Posted by Jon at 2:41 PM
Wednesday, November 12, 2008
I've been completely ob-fucking-sessed with Fallout 3 the last week. I have to quickly admit that this is my first experience with the sandbox/RPG like Oblivion and shit, so pardon the n00bile over enthusiasm, but the game is a fucking gem and I can't recommend it enough.
The biggest compliment I can pay to the game is the sheer freedom it allows one to be a complete and utter asshole to the virtual world as you progress through the game. I started the game with the goal of being an evil motherfucker, because I figure if they'll allow it, why not push the envelope and see how far you can go? Well, you can go far. Far enough that I actually occasionally feel real world guilt at some of the actions I am responsible for in fake video game land, and this is the kind of experience that truly makes games art: When they can reach out of the screen and really cause one to emote.
In the last week there have been a number of poignantly, excessively awesome experiences that need to be dished right goddamn now. Here are a few.
ahem... spoilers n' shit...
My first foray into the town of Megaton was a chaotic stroll along the salty brine of the devil's colon. Long story short, you show up to town, the sheriff tries to intimidate you into following their rules, you meet a guy who wants to pay you to arm the benign nuclear bomb in the middle of town, and are then left to explore. I got about as far as the place where you sleep with the hooker when I decided I needed to start flexing my evil bone and see what kind of shit you could get away with. I found myself alone with a friendly AI in a motorcycle helmet in a secluded room of the commons. Entering the crouch, slash, sneak position, I attempted a feeble level 2 pickpocket and of course failed. The "man" freaked out and began to run away, at which point I beat him to death with a baseball bat and looted the items I had sought to procure in the first place. Much to my shagrin, the local security was on my ass and chased me out of town. With bullets. So I followed through on the "blow up the town quest" and about 30 minutes later I was safely on the balcony of Ten Penny Tower watching the town that had dealt me so sourly go up in a mushroom cloud. Catch me pickpocketing? I kill you dead. Chase me out of town? I vaporize all you fuckers!
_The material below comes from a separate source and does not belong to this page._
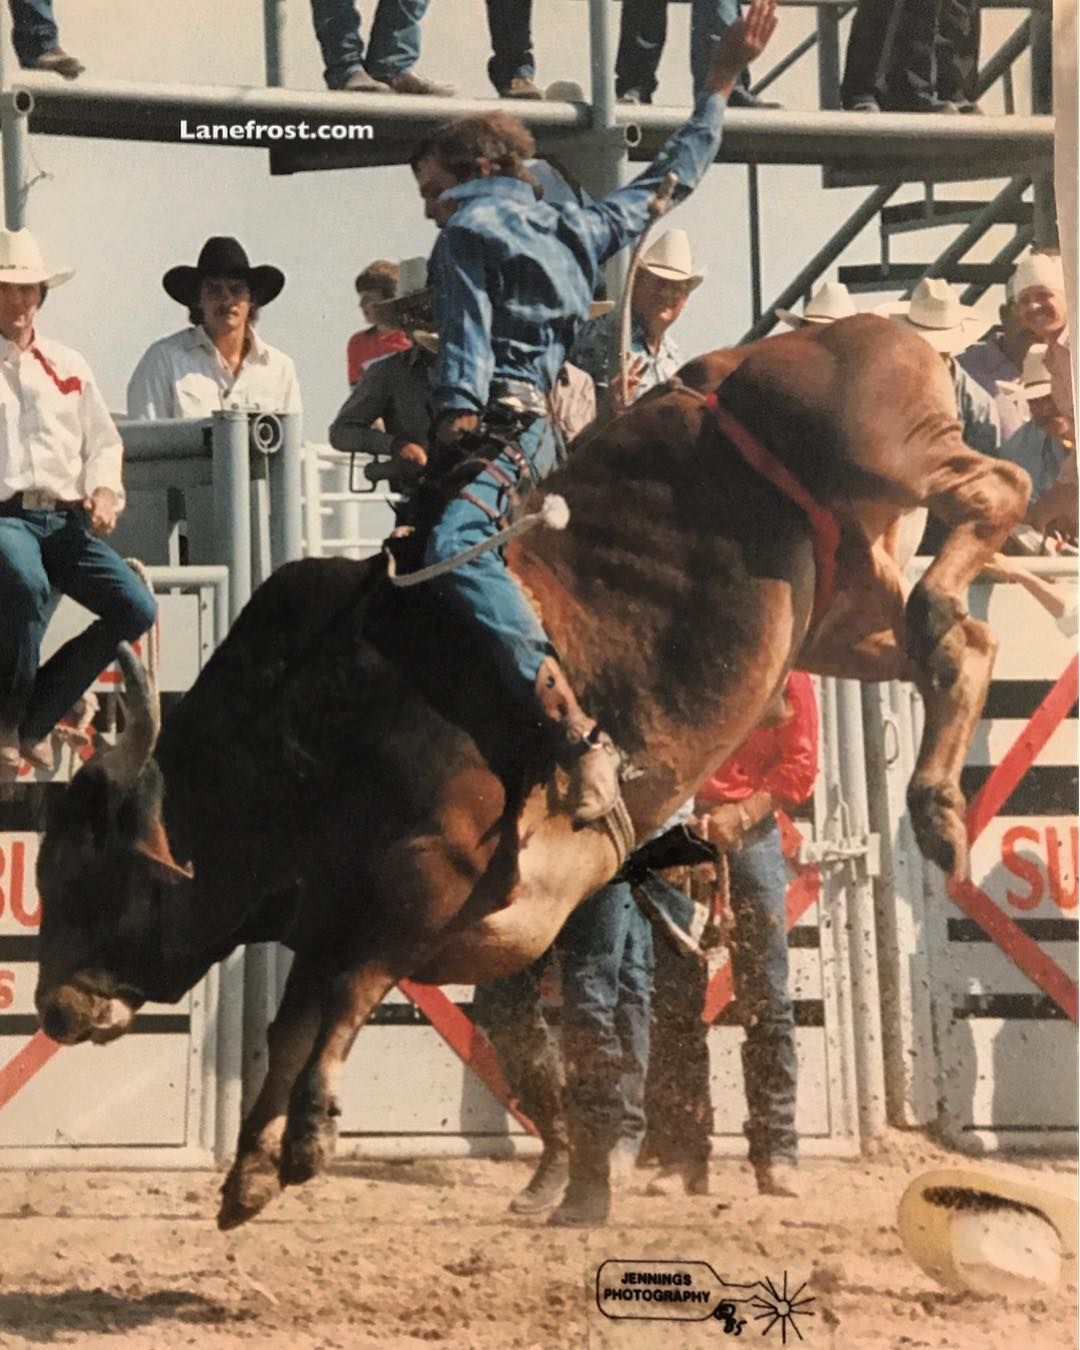 Pin By Dean Thomas On RODEO Pbr. Bull Riding, Cowboy Artists, July In Cheyenne
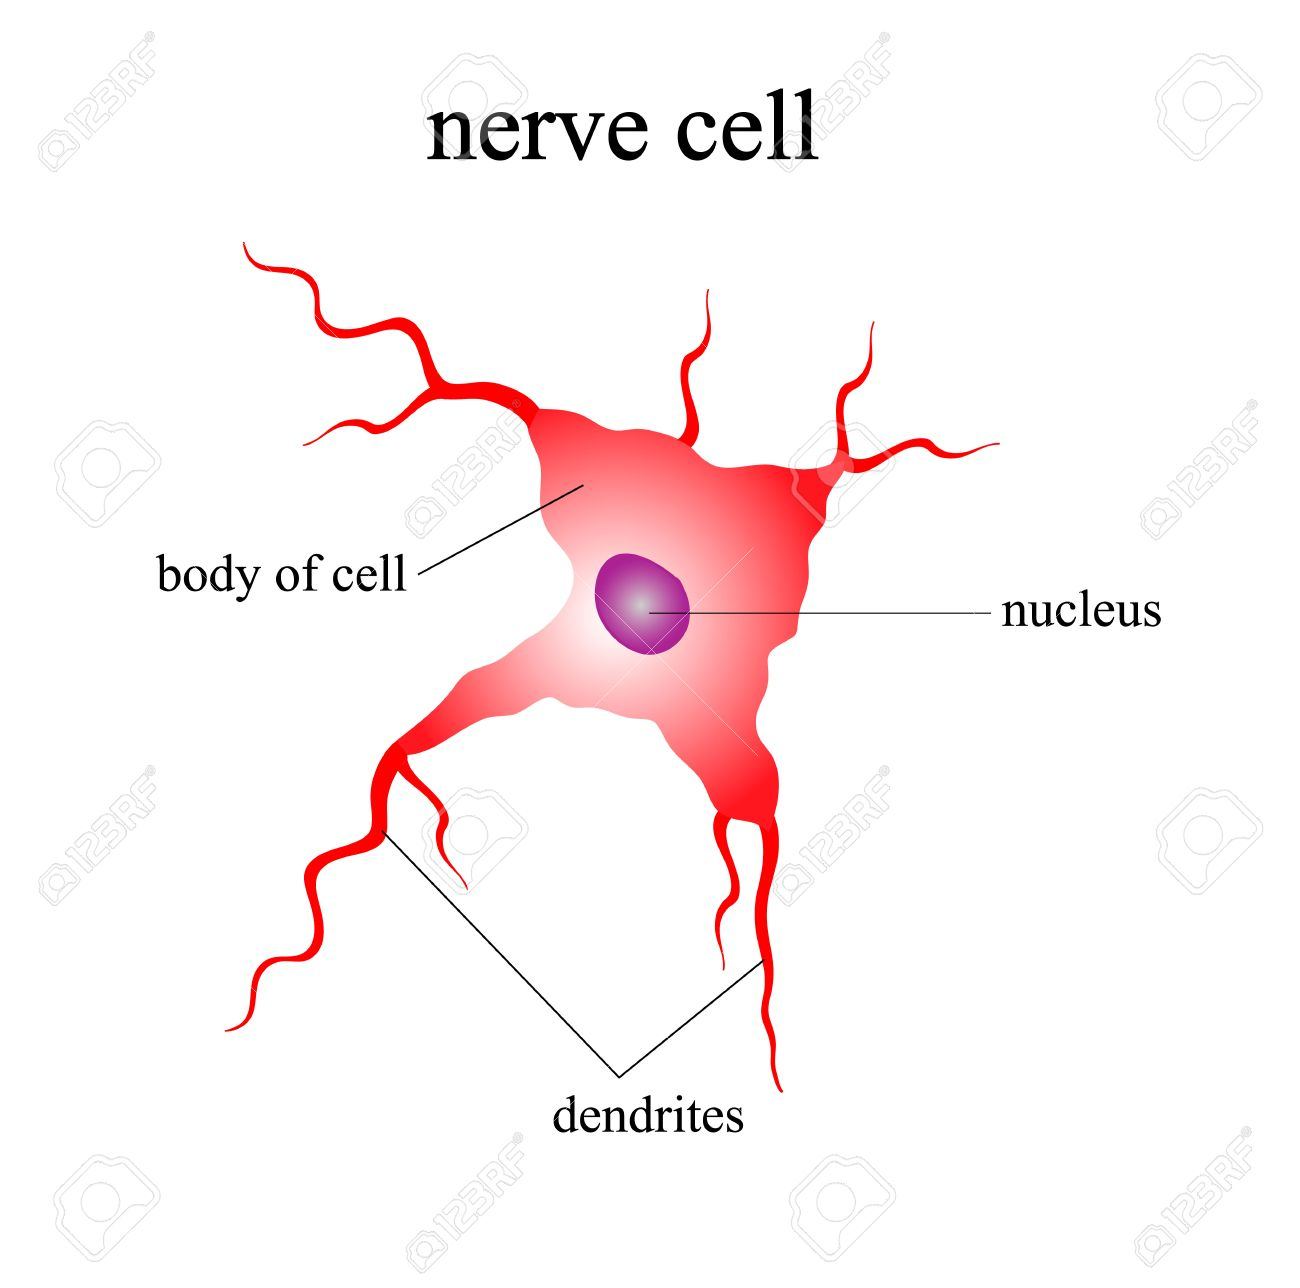 Nerve Cell Diagram 11 Human Nerve Cell Diagram Nerv Anatomy Education Picture

Later on, I'm doing this weird side quest that involves mutated fire ants that spit flame thrower style flames at you and are a huge pain in the ass. So there's a doctor who has genetically altered these ants and accidentally turned them into giant, flame spitting bitches that need to be effing annihilated. The doctor implores you to only kill the soldiers and let the queen live so he can continue his research, promising you riches AND a shot that will boost one of your stats (that's a big deal if you haven't played RPGs before). So I agree, complete the quest to the T and return to the good doctor with his nasty soldier ants bubbling piles of guts and the bloated queen still rummaging around her ant hole. The doctor thanks me, rewards me, gives me my stat boost, and then goes on his way to continue his research. Right as he turns around BOOM I blow his head off with a pistol, loot the corpse, and head back into the ant cave to kill the queen and suck up the experience points like nectar, reaping all the benefits of completing the "good quest", but still getting the material rewards of stealing his belongings and raking up the ant queen experience.
All I can say is: Thank you, Bethesda. Thank you for not only allowing us to explore the darker side of sand box gaming, but actually facilitating the fun with a unique experience that only dick-ish players are privvy to. For me this is an easy "Game of the Year".